#### PROVIDED RECORDS ####
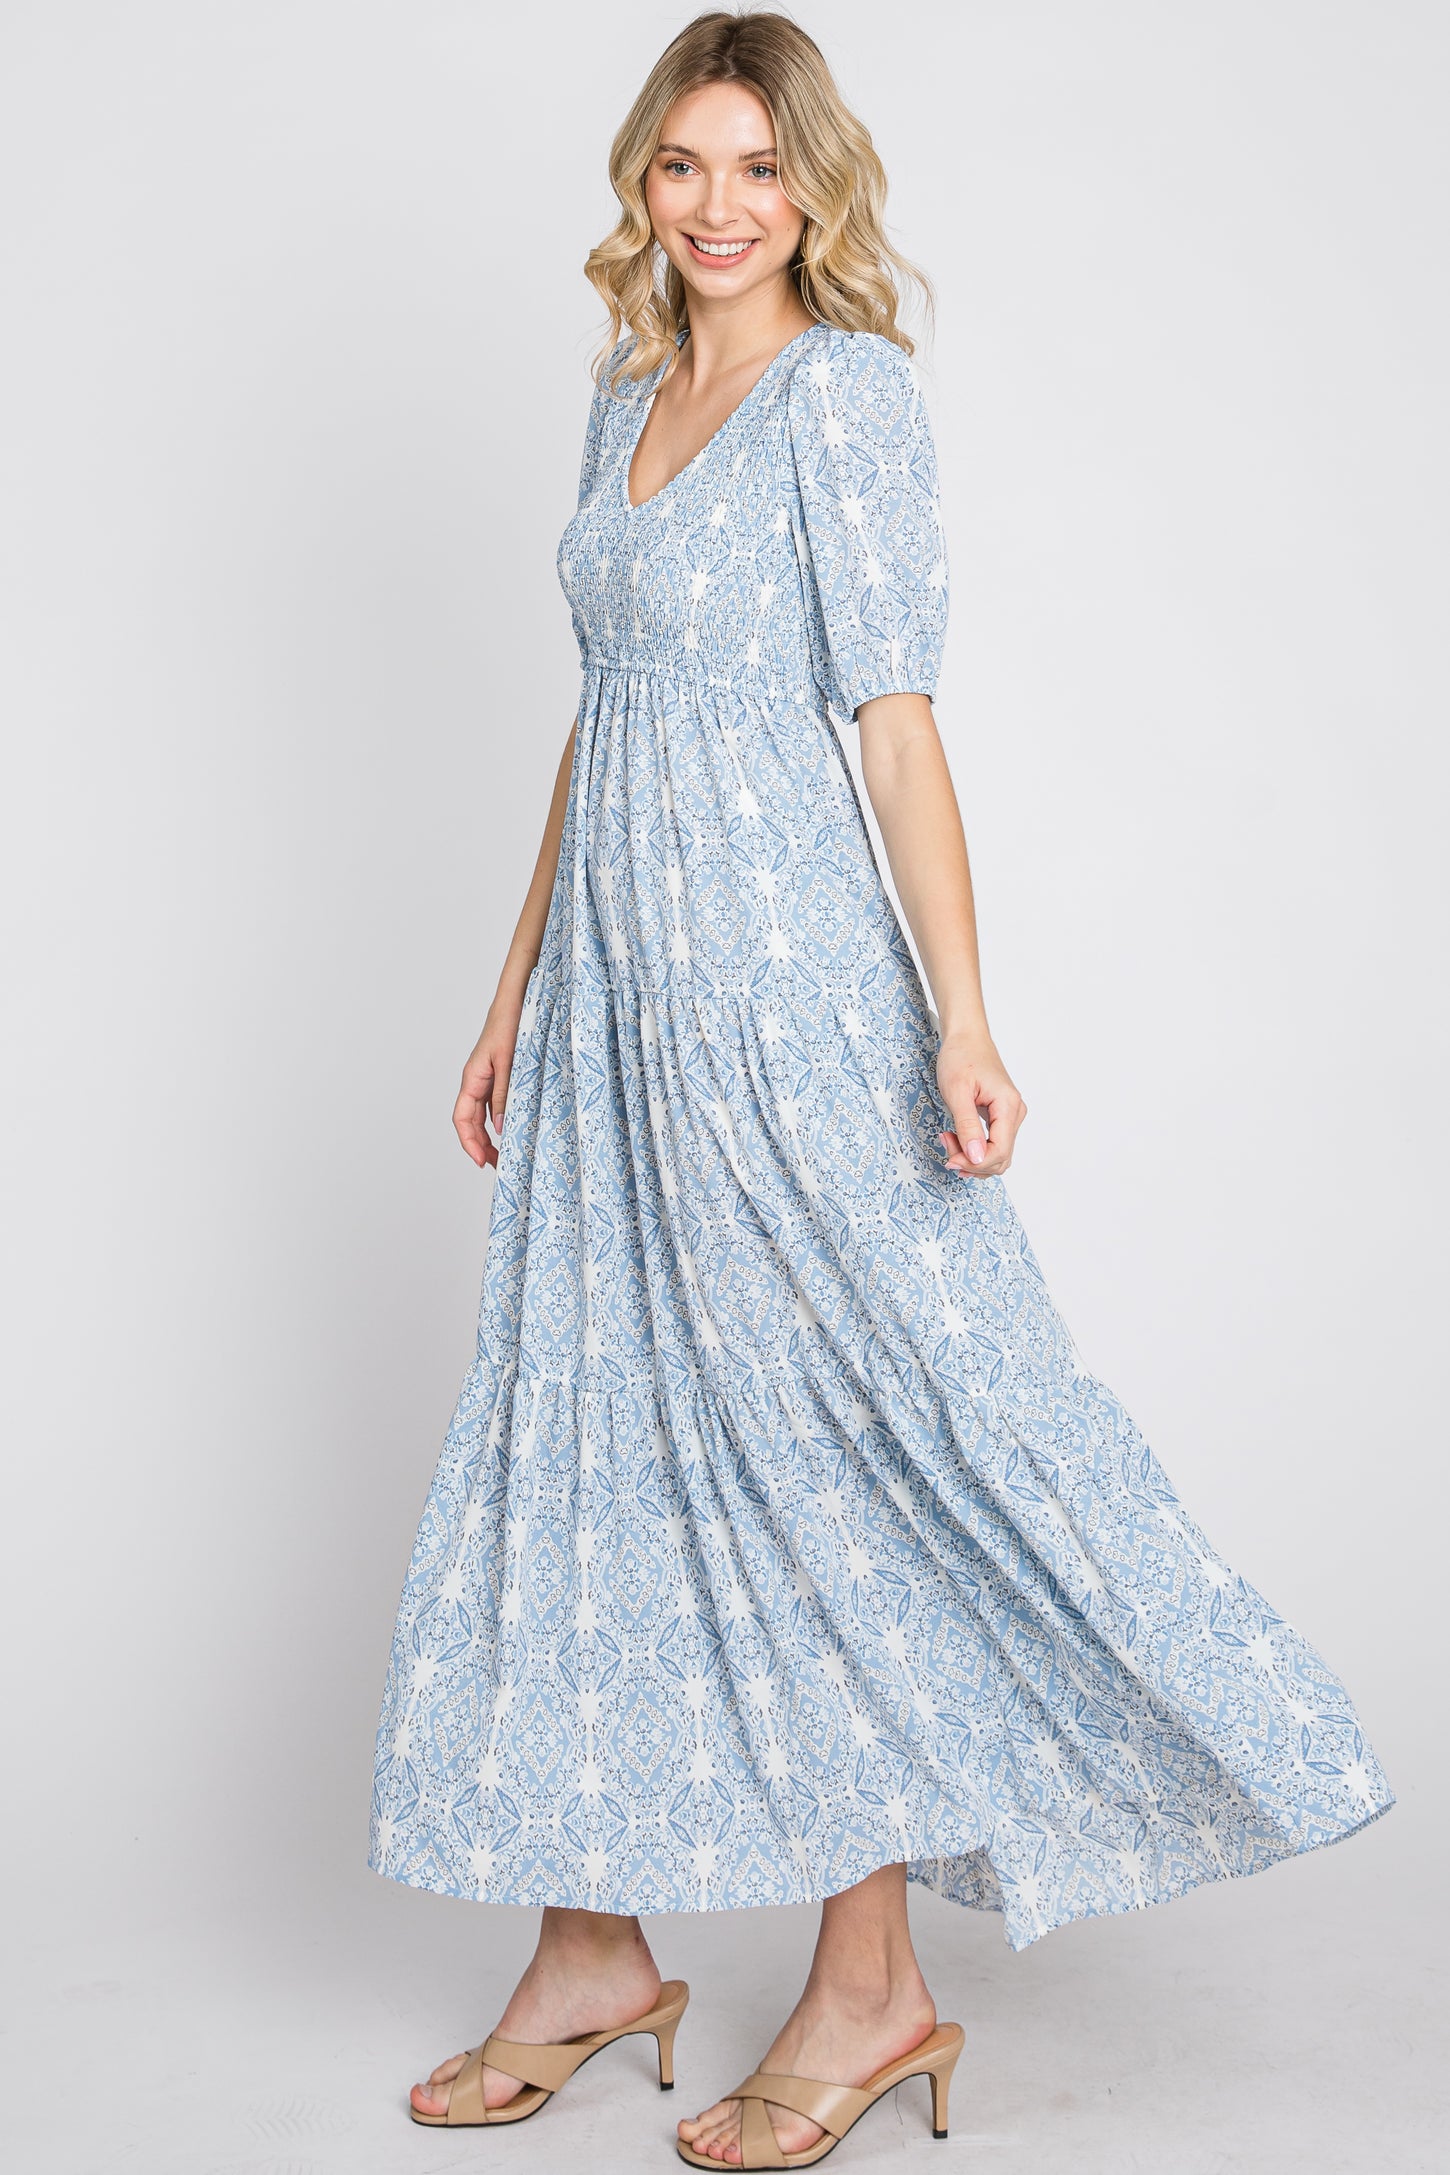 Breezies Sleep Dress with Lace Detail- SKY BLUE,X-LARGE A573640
####
#### PROVIDED RECORDS ####
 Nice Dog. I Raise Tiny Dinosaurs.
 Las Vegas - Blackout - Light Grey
####
- _TASK ITEM_:
Starting at the line that contains "Nice Dog. I Raise Tiny Dinosaurs." and stopping after the line that contains "Las Vegas - Blackout - Light Grey", write out every line exactly as it appears above, and no other line.

- _EXERCISE OUTPUT_:
 Nice Dog. I Raise Tiny Dinosaurs.
 Las Vegas - Blackout - Light Grey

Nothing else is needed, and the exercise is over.